Put your Money Where your Mouth Is

An article by the Responsible Investment Association Australasia.

If you find yourself talking about issues which concern you, or you are motivated to make a difference to the world you live in, responsible investment offers a tangible way to translate these words into actions.

  • You may already be actively involved in social or environmental causes. Perhaps you work as a volunteer, belong to a special interest group or make donations to a particular cause. RI gives you a way to take your activism one step further.
  • You're probably already aware that you can be an activist by the choices you make as a consumer. You make daily choices about the energy you use, the car you drive or what groceries you buy. These choices are examples of ways you can use your money to support or withhold support from companies.

RI gives you the opportunity to make similar choices with your super, savings and investments.
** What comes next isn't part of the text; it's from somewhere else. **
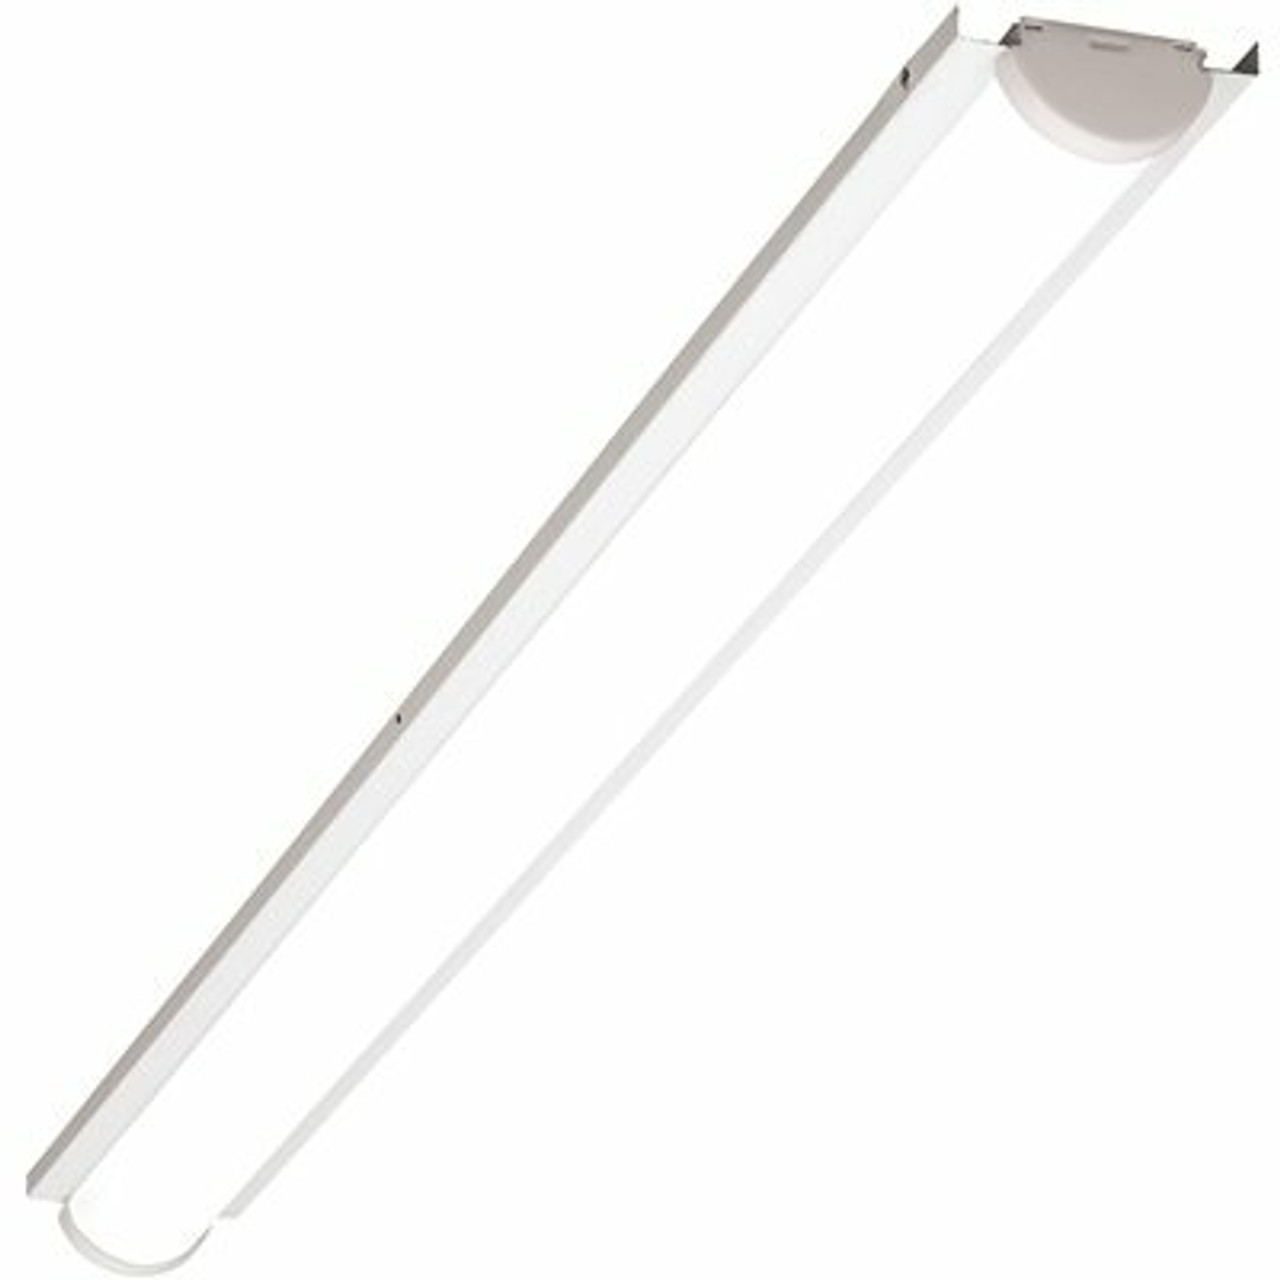 Lsrk 4 Ft. 64-Watt Equivalent Integrated Led White Retrofit Kit For Linear Strip, 40K, Frosted Acrylic Lens Included - 306701734

  • You can choose to put your super in a responsible investment option. If your superannuation fund doesn't offer a RI option or apply a responsible investment approach across all of their investments, why not call them and ask them to do so?
  • You can open a savings account with a socially responsible bank or take out a green loan for your car or home.
  • When it comes time to plan your investments you can consult a specialist RI financial adviser to ensure your financial plan is aligned with your personal values.
  • You can elect to invest with a specialist RI fund manager who offers investment products that reflect a range of different environmental and social issues.
  • You can purchase direct shares which gives you the opportunity to exercise your right to vote and pass resolutions to improve the practices of companies you invest in.

 

RI fund managers from Australasia and across the world have already used shareholder activism to successfully engage with companies in which they invest and achieve positive change on environmental, social and governance issues:

  • The successful investor-backed Carbon Disclosure Project (CDP) is just one of many international success stories. Launched in 2000, the CDP has already persuaded major corporations around the world to disclose their carbon emissions with the aim of motivating investors, corporations and governments to take action to prevent dangerous climate change. Now in 2010 it is working on encouraging 300 of the world's largest corporations to report their water usage. Ford, PepsiCo and Molson Coors have already agreed. That's what can happen when 130 institutional investors with $16 trillion in assets under management act in the name of RI.
  • In the lead up to last year's Copenhagen climate change talks 181 investors managing over $US13 trillion in assets issued a policy statement calling for a strong global agreement on climate change post-2012. This was the largest statement of its kind in history and was based on the idea that investors "have a critical role to play in responding to the climate change challenge. Private capital is essential to achieving the transformation to a low-carbon economy ... Through the allocation of capital and by engaging with companies in our portfolios investors can influence how companies respond to climate change." The statement called on world leaders for a global climate change agreement that embraced powerful criteria including an emissions reduction target of 50-85% by 2050; government support for energy efficiency and low-carbon technologies, measures to support an efficient global carbon market and measures to reduce deforestation and encourage afforestation.
  • In late 2009, Wesfarmers agreed to find alternative sources of phosphate rock rather than continue to mine in the Western Sahara, a region with a questionable human rights record. The decision came after engagement from institutional investors and was an acknowledgement by the company that these issues could harm its reputation.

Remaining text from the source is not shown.